# camera type



## neon007 (Sep 13, 2007)

I have a digital cam from way back when they first came out, and I mean when they first came out. It is a panasonic PV-DC2090. I plan on getting a new one this weekend. So my question is, can someone help me with what to buy. Sure I can go to the store and listen to someone who is clueless, or I can come here and get help! I am looking to spend about $200-250. The camera will primarily be for pen pics and like stuff. Thanks for all the help.


----------



## gketell (Sep 13, 2007)

The camera my wife uses is a Casio EX-S500.  It takes great pictures, here you can see a closeup of one of her "plant stakes" http://www.ketell.com/RandomCreativity/PlantStakes and Misc.html.

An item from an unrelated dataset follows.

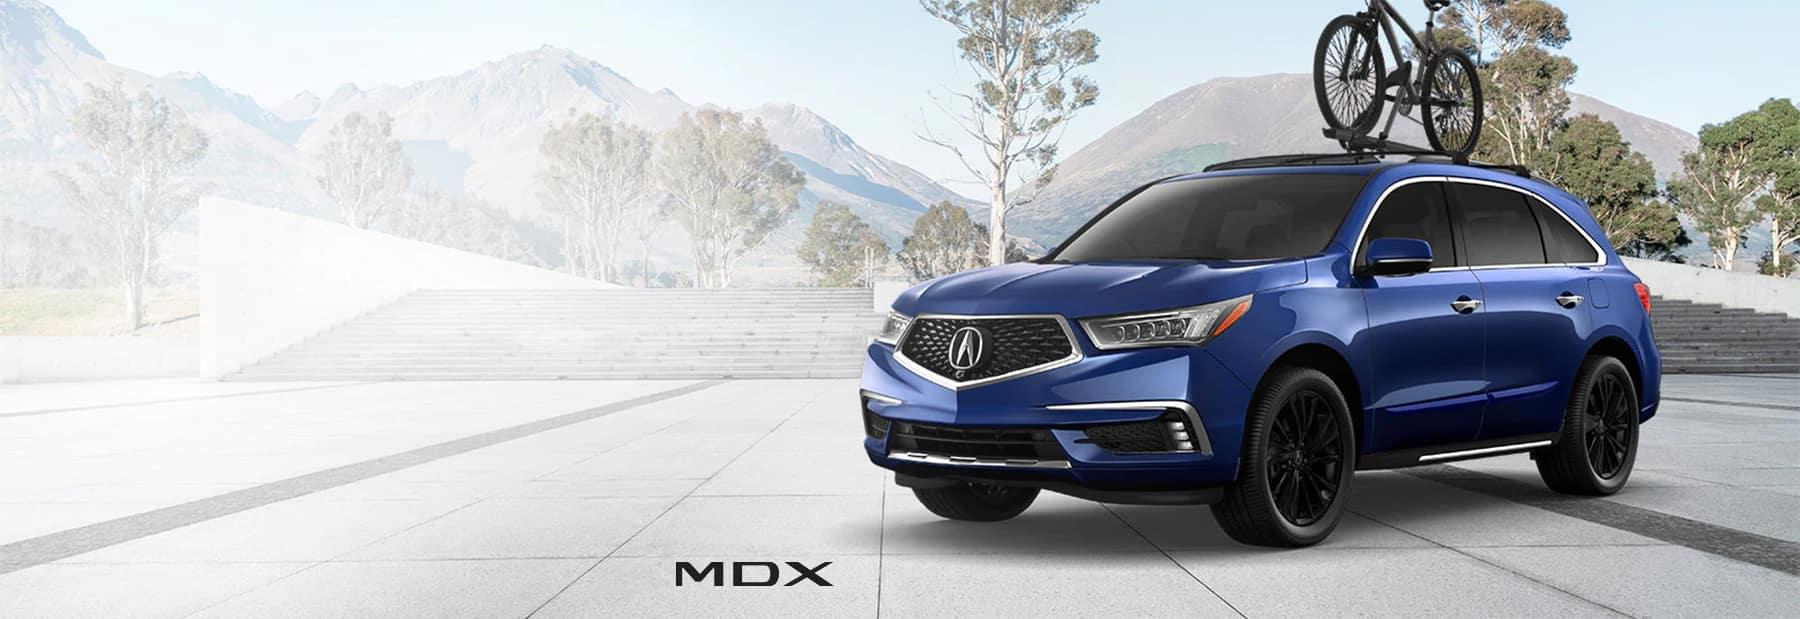 Acura SUV Models: 2020 MDX Slider

The upgraded ex-s600 is on amazon for $191 and the latest, the 770, is available for $250


GK


----------



## gerryr (Sep 16, 2007)

If you can spend a bit more, you can get a Canon S3 IS which is a very good P&S camera.  It's $287 at Amazon and you might be able to find one cheaper on eBay.


----------



## gketell (Sep 16, 2007)

STraight up, get the S3is over the casio!!!  It is, all in all, a much better camera.  I had no idea they were that cheap now.

GK


----------



## gerryr (Sep 16, 2007)

That's because they introduced the S5 IS, 8MP, I think, or maybe 10.  Prices on a lot of these things seem to be dropping.  I paid $533 for my D40 a few weeks ago from Amazon and it's now $498.


----------